#### [Problem to solve]
Given these entries, repeat exactly the lines starting with the one that has "Join us for" and going on through the one that has "Lot 818 - A DIAMOND SOLITAIRE RING", both included, but none of the pictures.

#### [Source records]
□ □ □

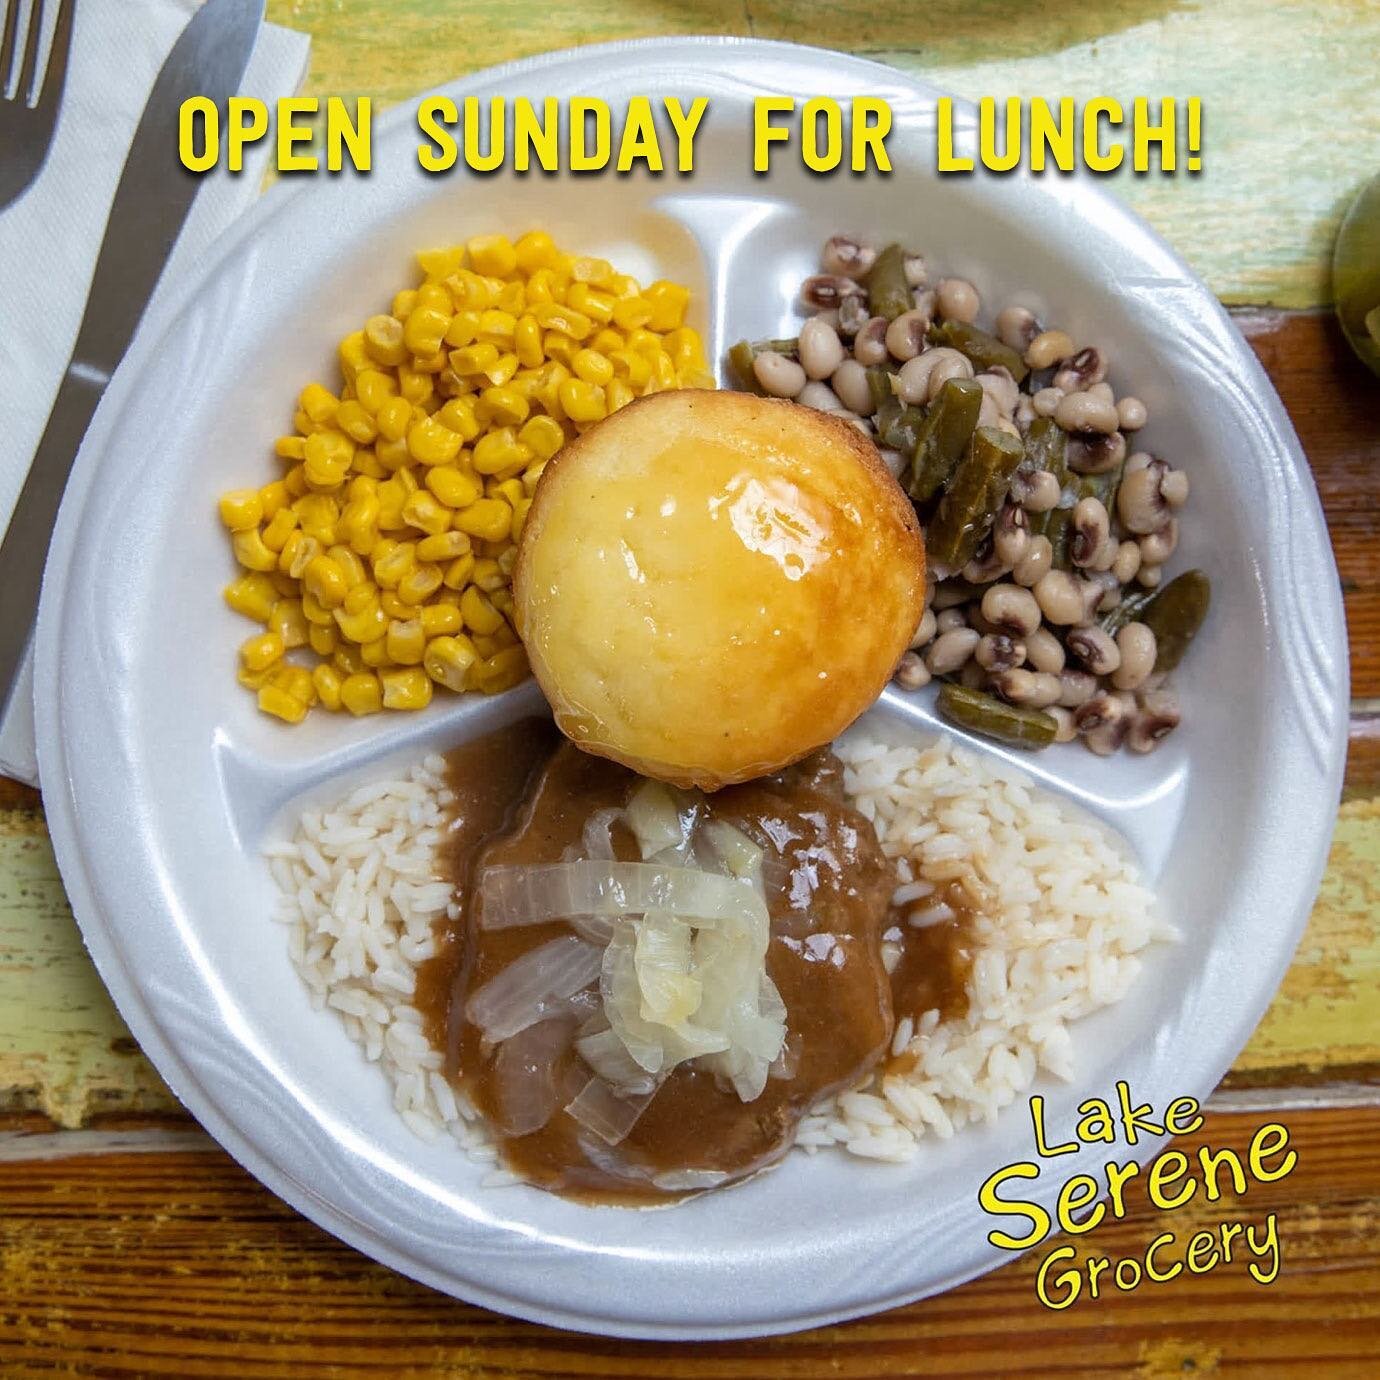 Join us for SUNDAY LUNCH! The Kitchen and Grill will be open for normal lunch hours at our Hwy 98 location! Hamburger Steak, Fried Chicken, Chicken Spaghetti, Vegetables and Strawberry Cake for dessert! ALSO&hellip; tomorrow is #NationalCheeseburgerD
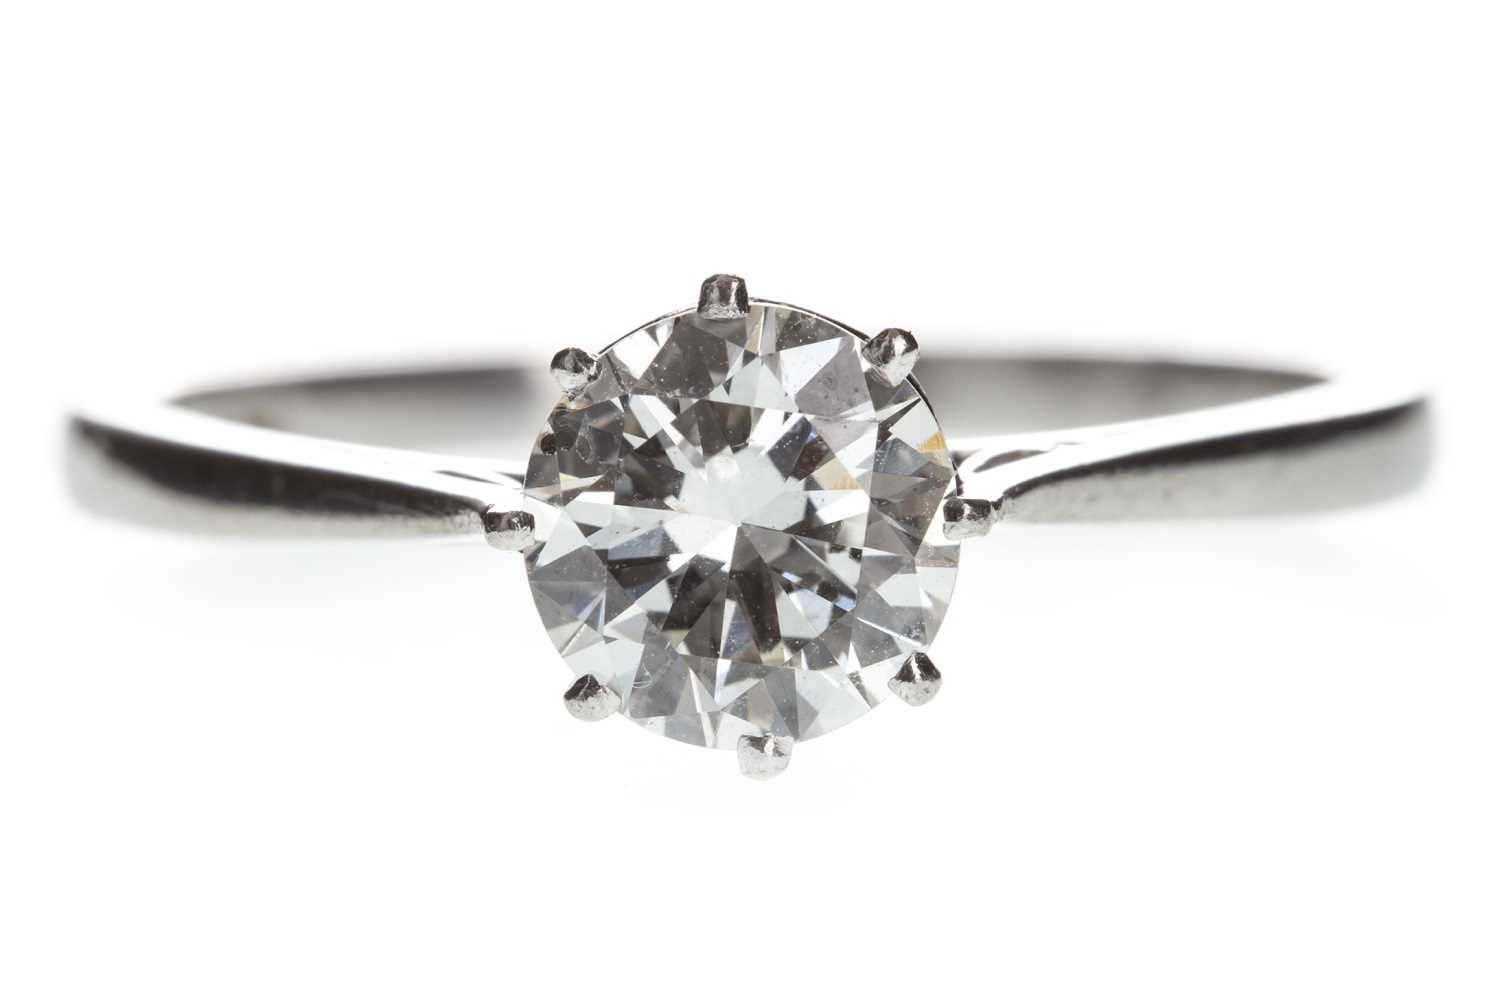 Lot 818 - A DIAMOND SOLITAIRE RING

□ □ □

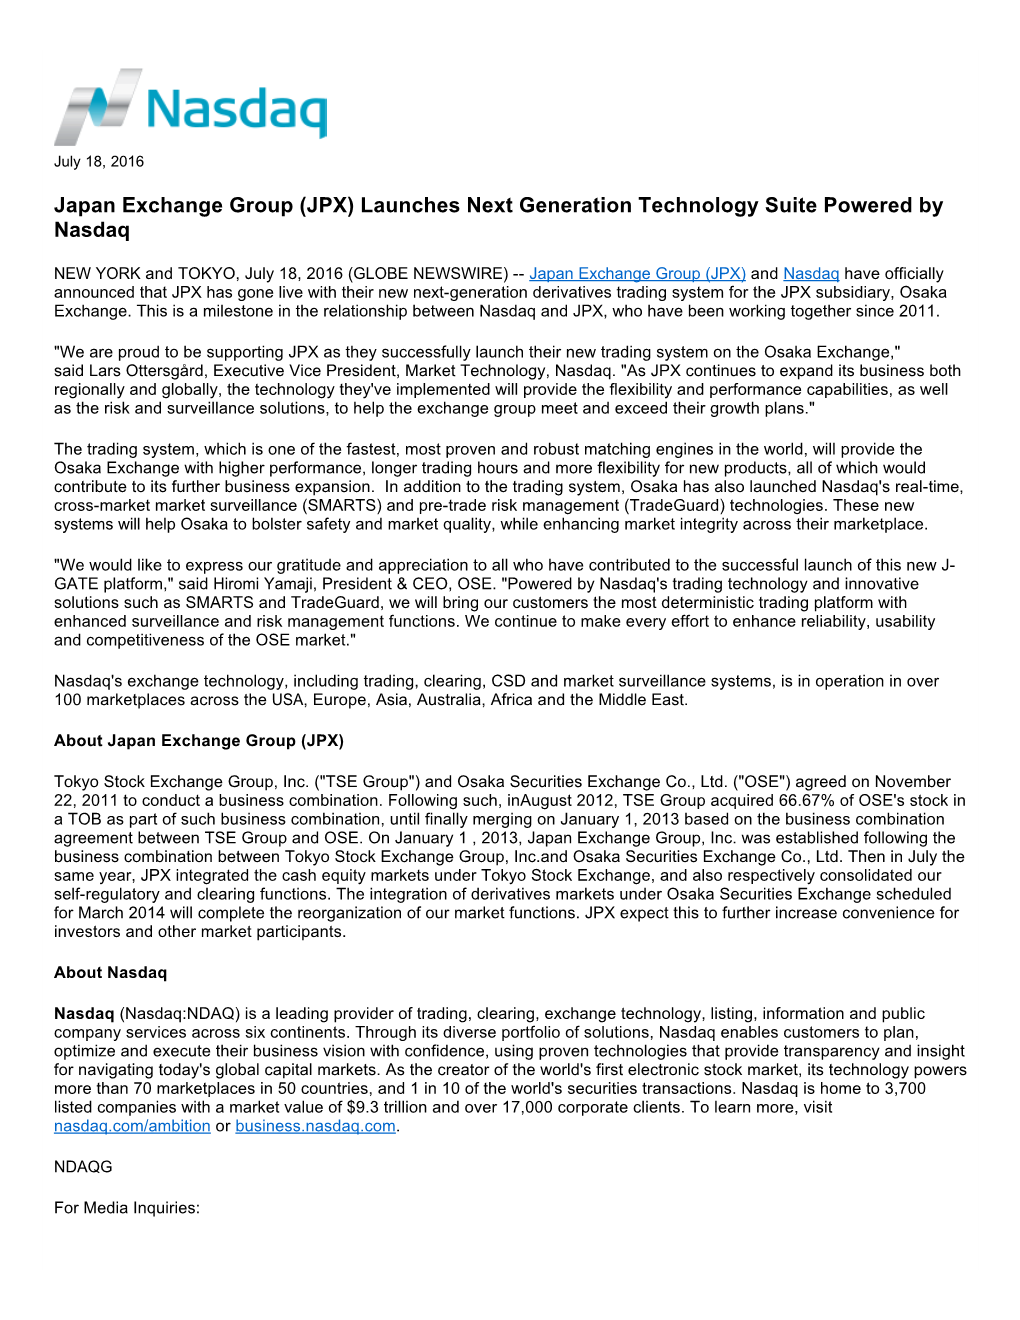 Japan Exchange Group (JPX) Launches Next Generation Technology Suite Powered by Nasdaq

□ □ □

#### [Response area]
 Join us for SUNDAY LUNCH! The Kitchen and Grill will be open for normal lunch hours at our Hwy 98 location! Hamburger Steak, Fried Chicken, Chicken Spaghetti, Vegetables and Strawberry Cake for dessert! ALSO&hellip; tomorrow is #NationalCheeseburgerD
 Lot 818 - A DIAMOND SOLITAIRE RING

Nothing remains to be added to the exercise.